- Distressed office investment volume reached $4.3B in 2025, the highest level since 2016, with 168 properties trading hands—a 31% year-over-year increase.
- Private buyers dominated the market, accounting for 55.3% of all transactions.
- The New York City metro led the way with $1.1B in distressed office deals as investors bet on leasing market recovery.
- A post-pandemic shift toward hybrid work and falling valuations accelerated defaults and lender takebacks, creating buying opportunities.
Market Recap
Distressed office investment volumes surged in 2025, totaling more than $4.3B—marking the sector’s busiest year in a decade and surpassing previous highs seen in both 2016 and 2024. According to Colliers, the total number of office buildings sold under distress jumped 31.3% from the prior year to 168 assets, aligning with the 10-year average.
Leading The Way
Private capital drove the bulk of acquisitions, representing 55.3% of all deals.
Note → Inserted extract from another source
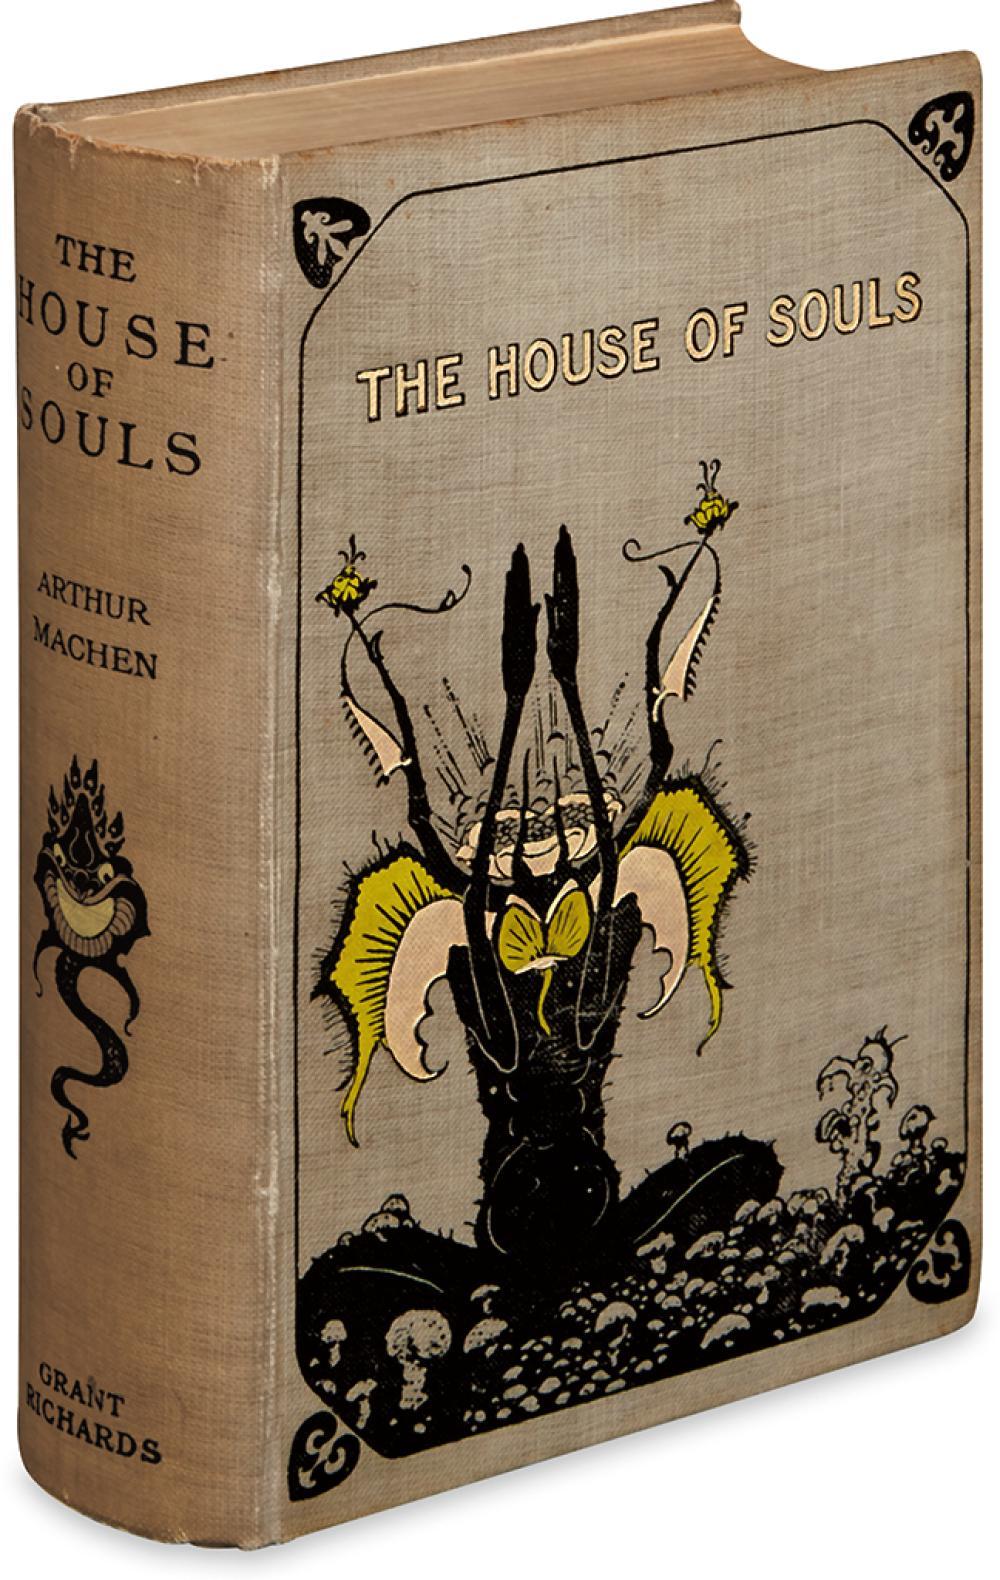 MACHEN, ARTHUR. The House of Souls.

Investors were particularly active in the New York City metro area, which notched $1.1B in distressed sales as buyers sought upside in a recovering leasing environment. However, investor hesitation remains in parts of the office market. Net lease segments, in particular, continue to see slowed transaction volume due to uncertainty over long-term occupancy.
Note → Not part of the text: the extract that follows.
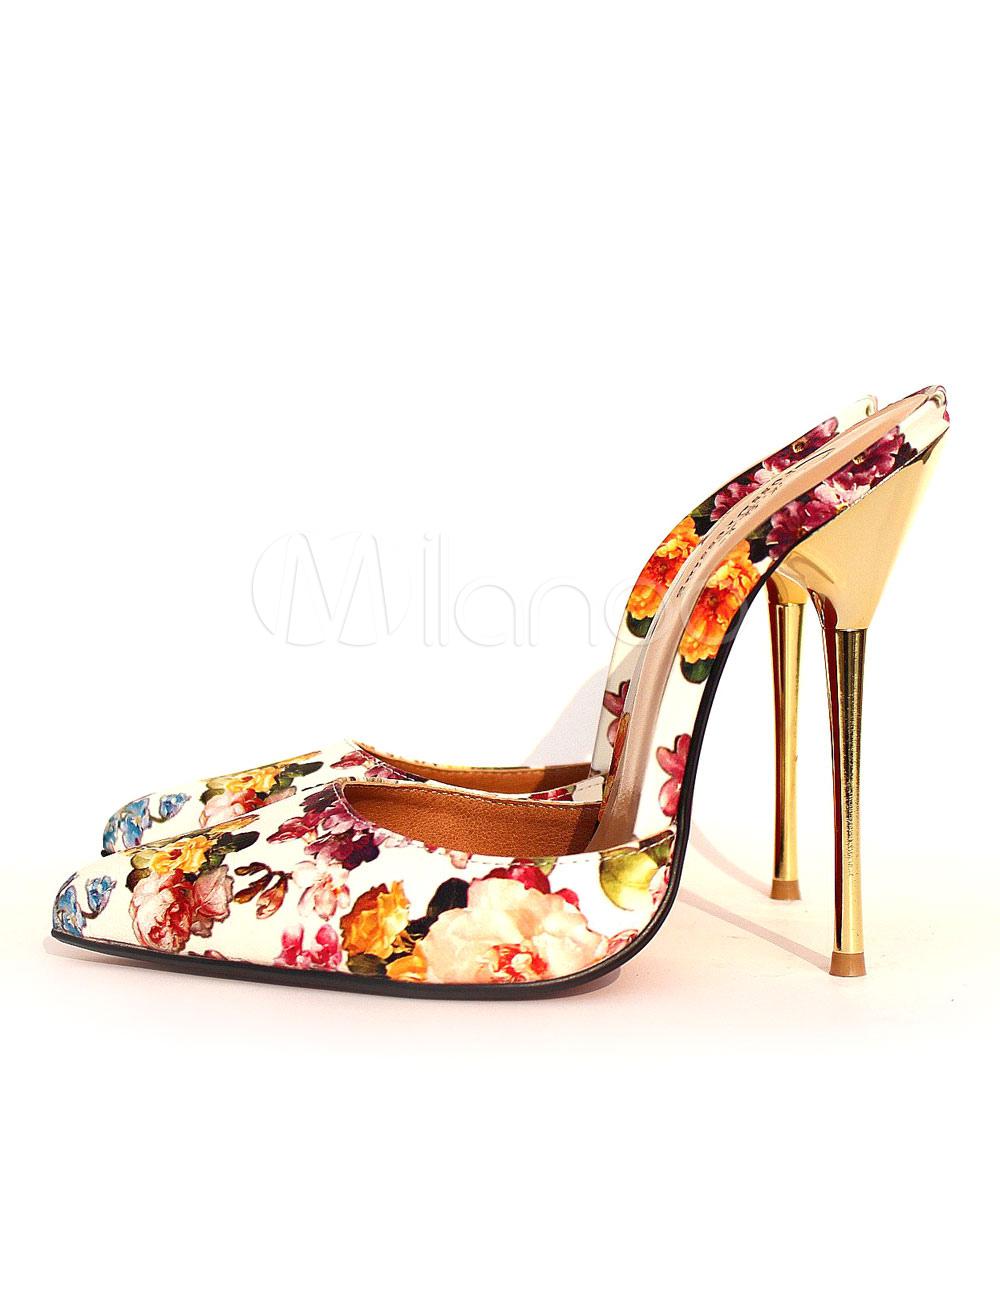 Women's Mule Sandals High Heel Floral Printed Almond PU Stiletto Heel Slippers

From Pandemic Lows To Repositioning Plays
Office demand collapsed between 2020 and 2021, as remote-first work models became entrenched and occupancy dropped to historic lows. By 2024, companies reevaluated the productivity of remote work. Many saw limits to collaboration and culture in remote-only setups. As a result, more employers issued return-to-office mandates. Office attendance began to climb, especially in premium Class A-plus buildings. These top-tier spaces reached 78% of pre-pandemic occupancy, outpacing the broader market.

The Opportunity In Distress
As office values declined and debt burdens grew heavier, mortgage defaults and lender takebacks became more common. Buyers capitalized on discounted pricing, with many seeing upside in repositioning efforts—from cosmetic upgrades to full-scale conversions of obsolete space.
What’s Next
With distressed sales now setting new pricing benchmarks, investors and developers are deploying capital not just to stabilize assets, but to reimagine them for a more flexible and hybrid future. Expect this trend to continue as cities and investors adapt to post-pandemic demand realities.